**Problem:** In the material below, pictures must be dropped. Repeat exactly, and only, the lines from the line with "丁山自建房现代简约装修效果图" to the line with "Patchwork 21 2019", both ends included.

**Given records:**
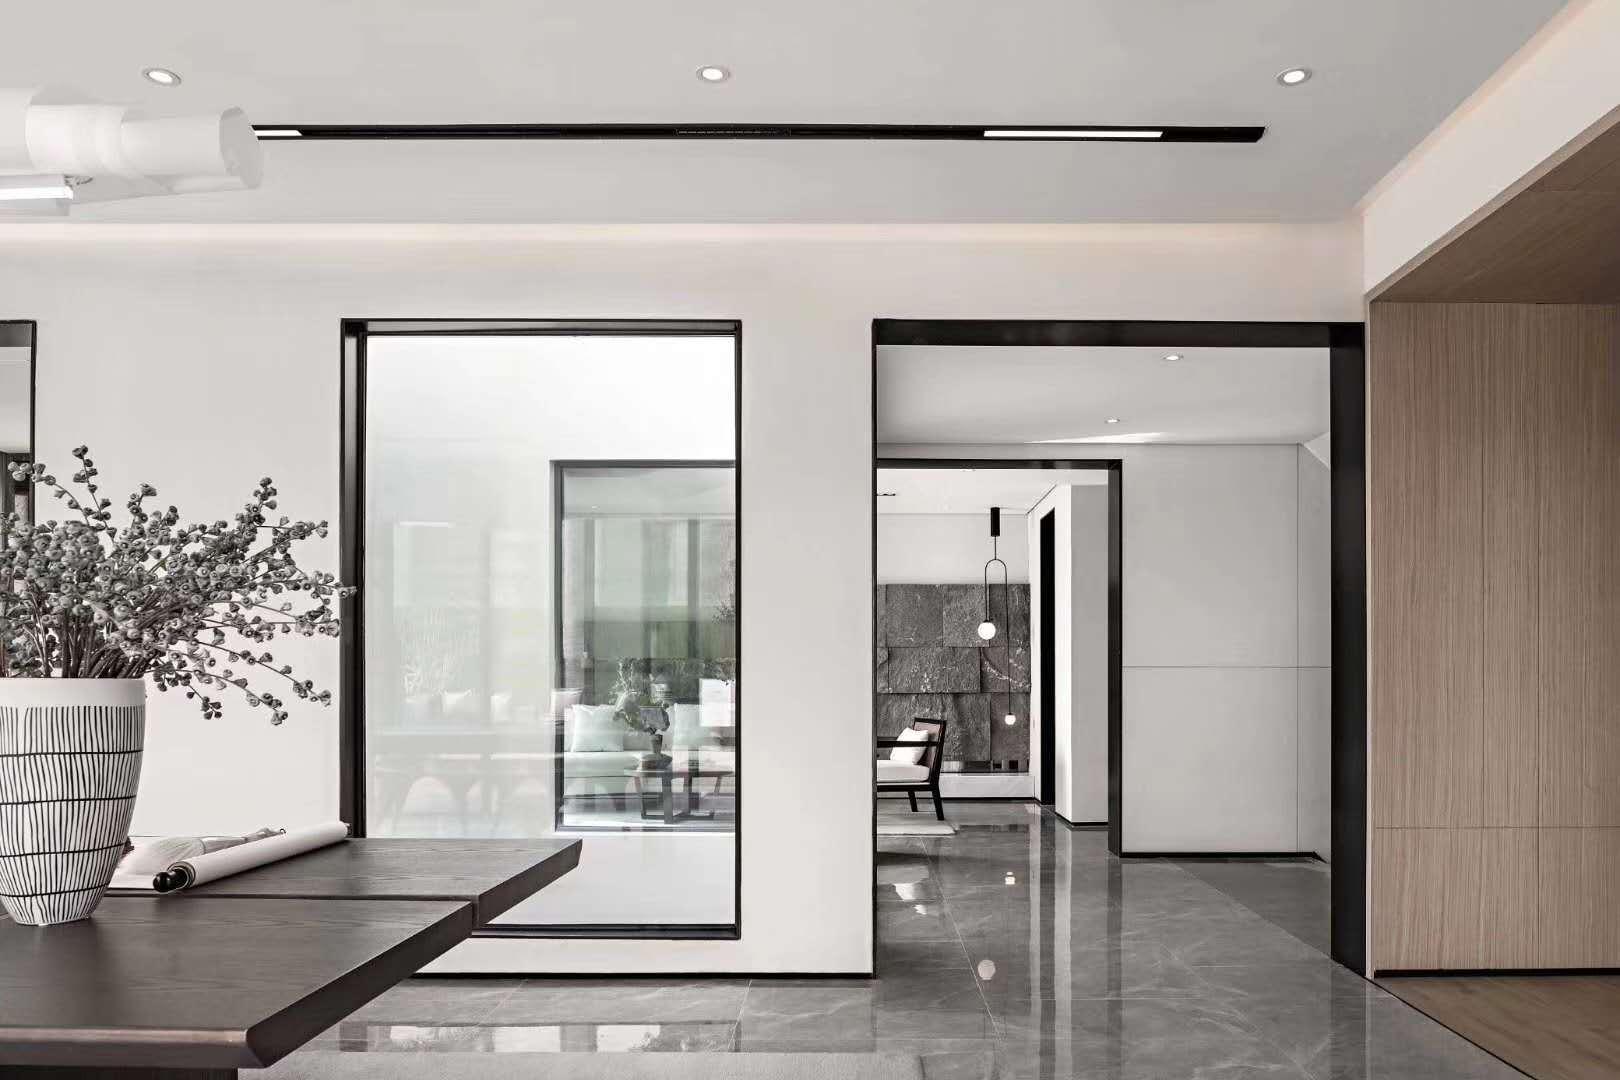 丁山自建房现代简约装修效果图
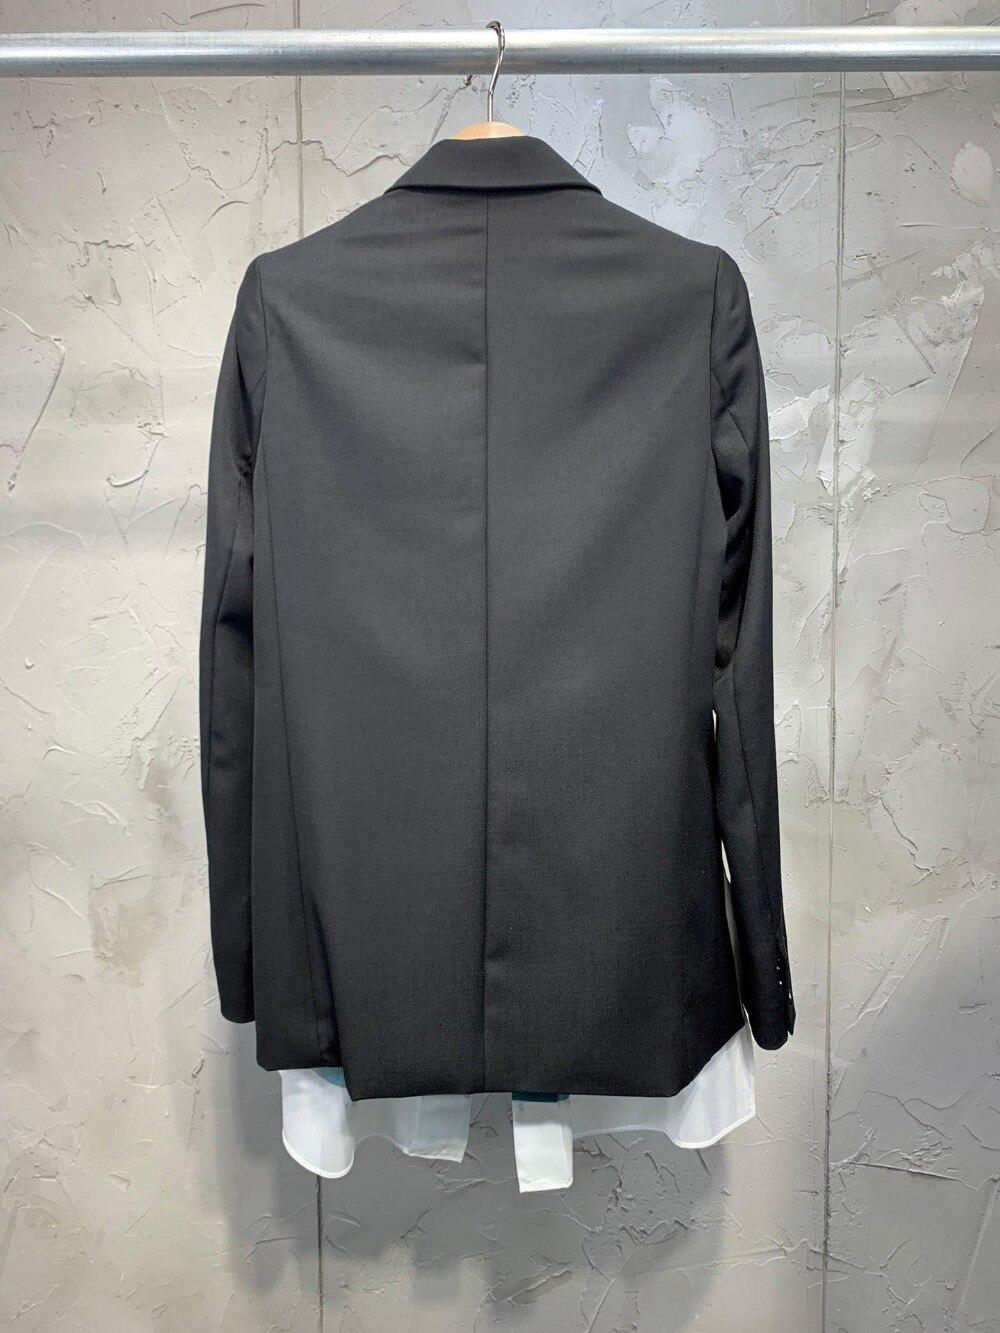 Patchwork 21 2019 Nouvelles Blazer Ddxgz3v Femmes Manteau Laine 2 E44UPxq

* * *

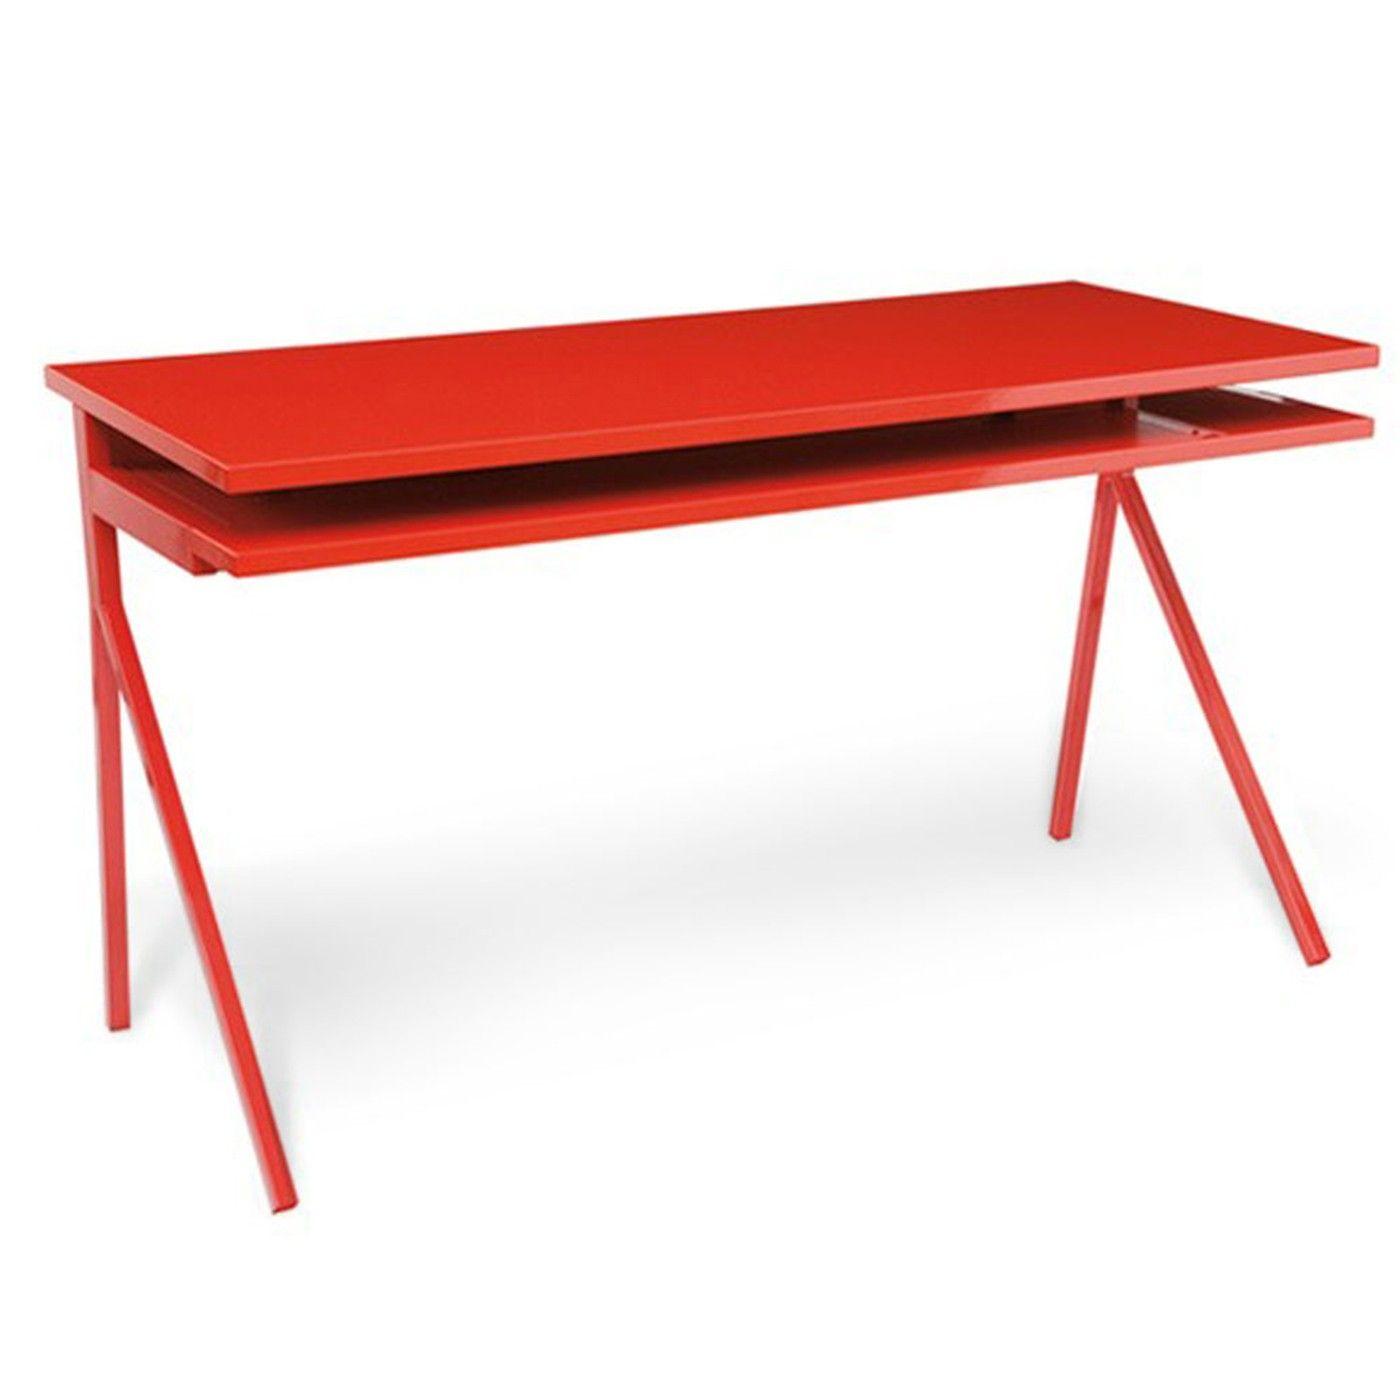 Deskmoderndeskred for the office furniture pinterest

**Exercise response:**
 丁山自建房现代简约装修效果图
 Patchwork 21 2019 Nouvelles Blazer Ddxgz3v Femmes Manteau Laine 2 E44UPxq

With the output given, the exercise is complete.